The updated results cover new decisions on five preferential tax regimes. According to the press release, a total of 319 tax regimes have been reviewed, or are under review by the Forum on Harmful Tax Practices (FHTP). This latest review reflects that three regimes have been abolished (one for Aruba and two for San Marino). Additionally, a regime for Jordan has been amended to align with the standard and is now considered nonharmful, and a regime for Albania is currently in the process of being amended. No regimes are identified as currently under review.
Detailed discussion
Background
On 5 October 2015, the OECD released its final report on Action 5, Countering Harmful Tax Practices More Effectively, Taking into Account Transparency and Substance (the Action 5 Report) under its BEPS Action Plan.1 The Action 5 Report covers two main areas: (i) applying the “substantial activity” criterion when determining whether tax regimes are harmful; and (ii) improving transparency. The Action 5 Report also includes a strategy to expand the review of preferential regimes to third countries beyond the OECD/G20 countries.

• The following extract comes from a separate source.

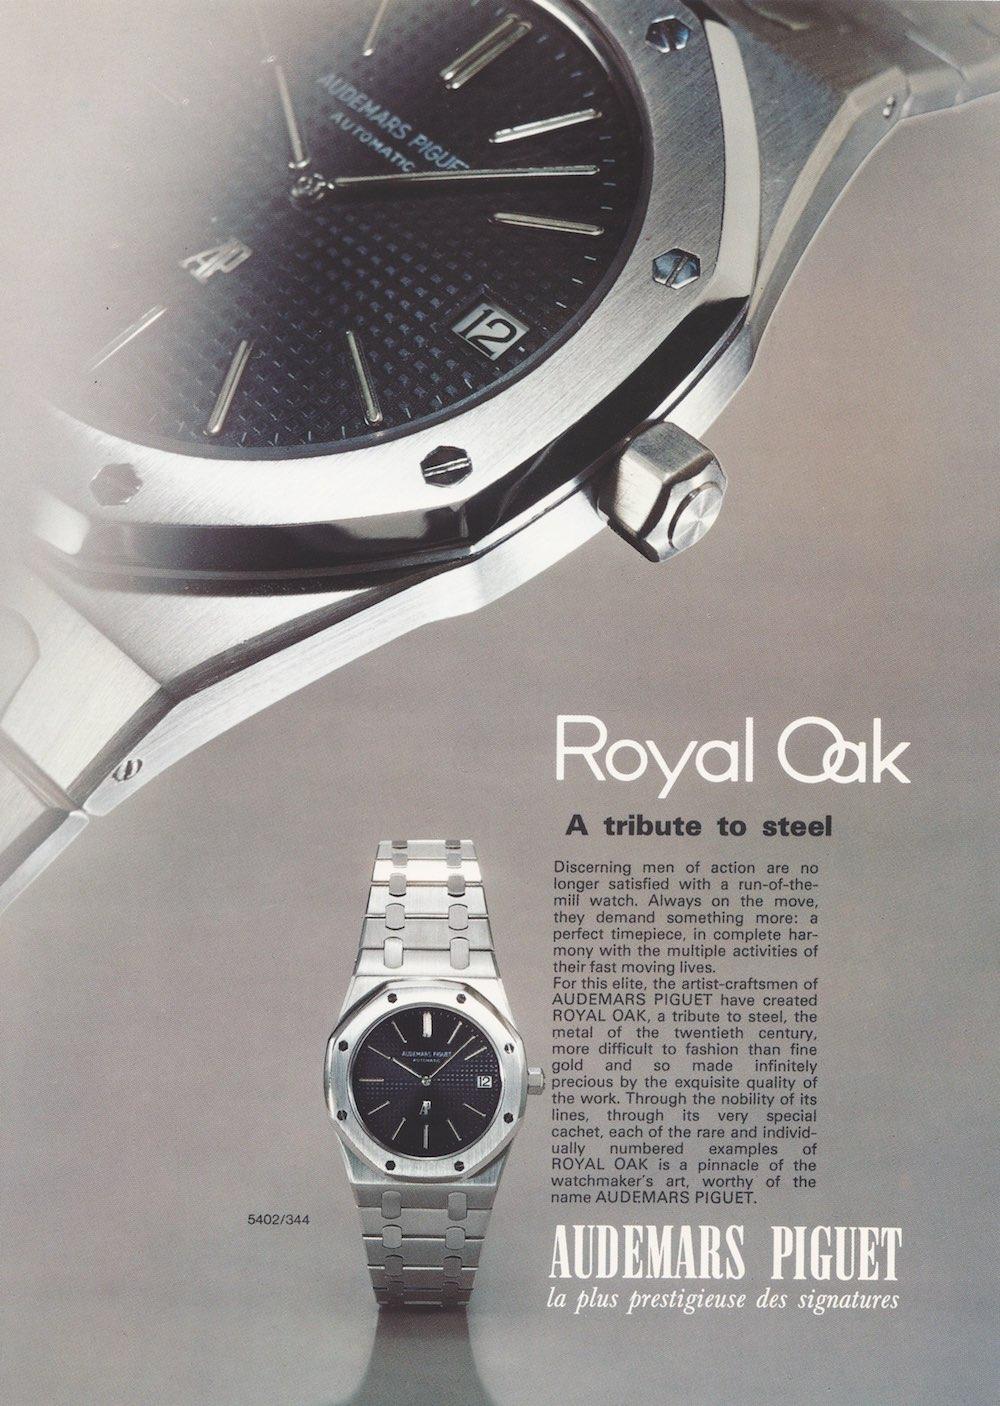 1972-audemars-piguet-royal-oak-original-luxusora-karora-svajci-ora-orasblog-hirdetes.jpeg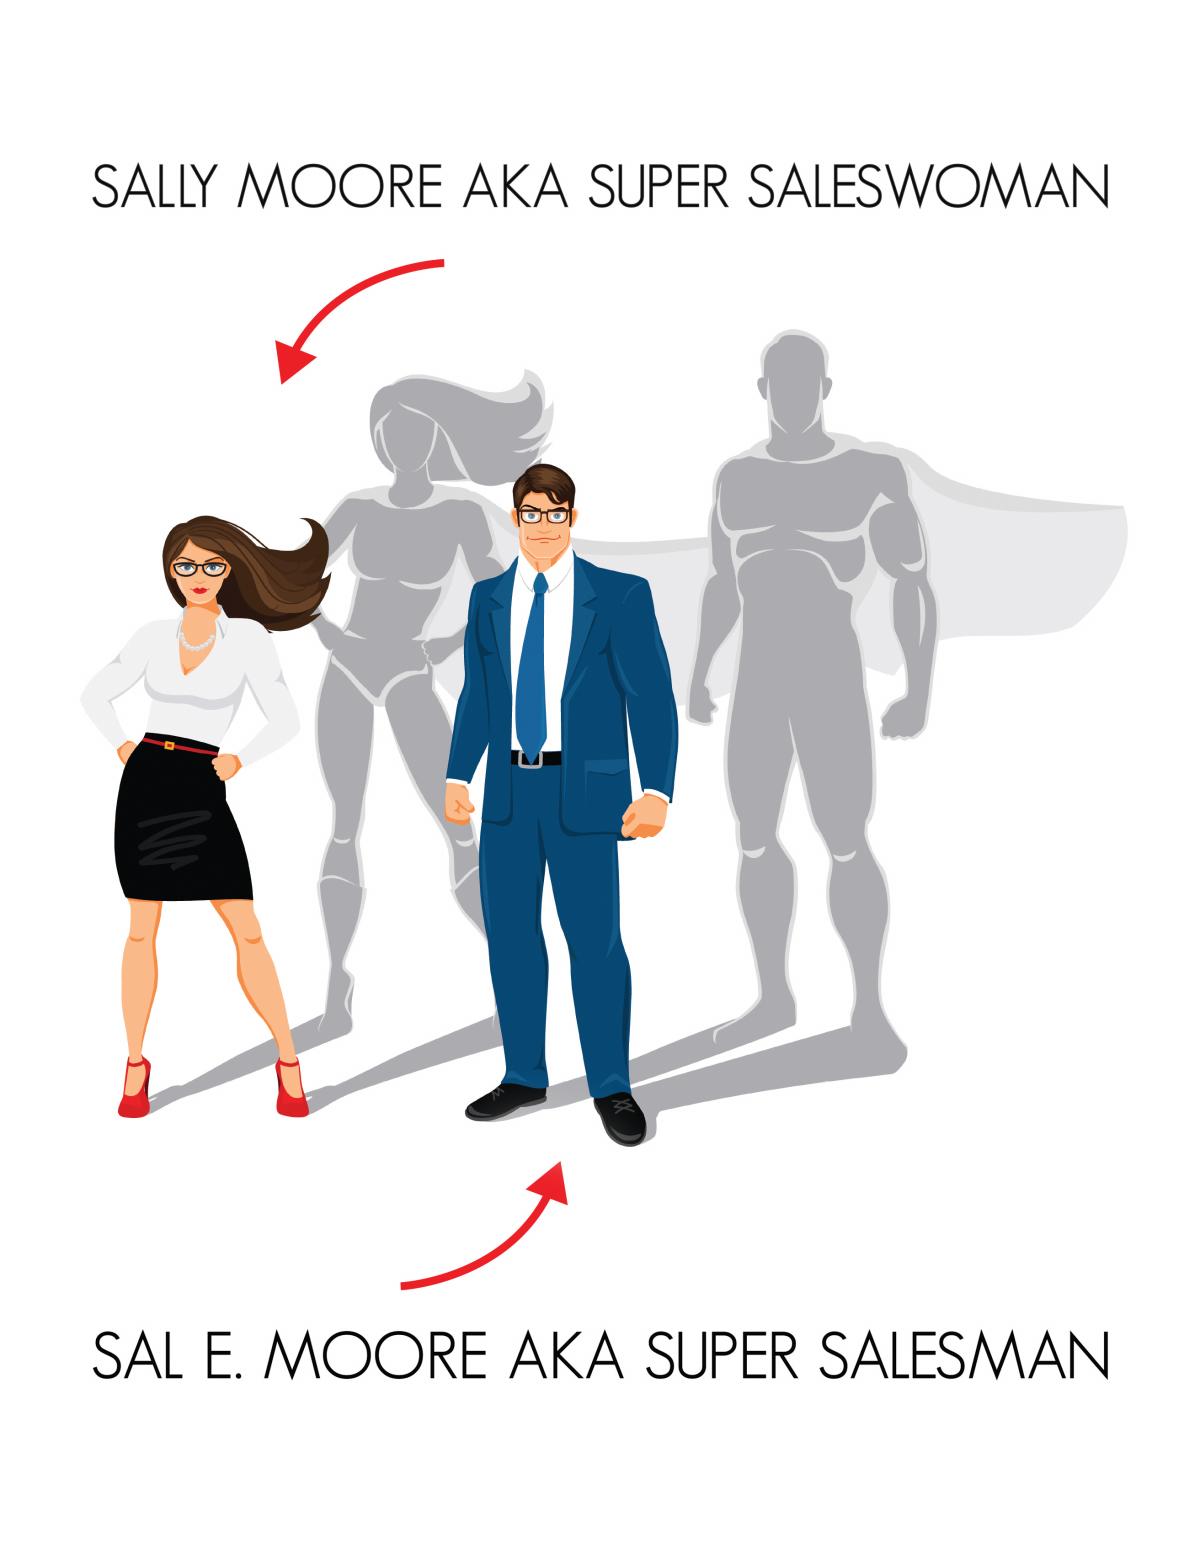 Super Salesman / Super SalesWoman

This expansion has been executed through the Inclusive Framework on BEPS, which currently has 143 member jurisdictions.2 Each member jurisdiction has committed to the 2015 BEPS package and its effective implementation, including fulfilment of the minimum standard under Action 5. This means that the existing preferential tax regimes of the Inclusive Framework member jurisdictions have been reviewed based on the Action 5 criteria.
Since the OECD’s publication of the 2017 Progress Report on Action 5,3 the FHTP has continued its work reviewing preferential regimes within the scope of BEPS Action 5. Prior to this 2023 update, the OECD released nine earlier updates to the reviews of preferential tax regimes. The OECD also has released four updates to the reviews of the standard on substantial activities factor for “no- or only-nominal tax” jurisdictions.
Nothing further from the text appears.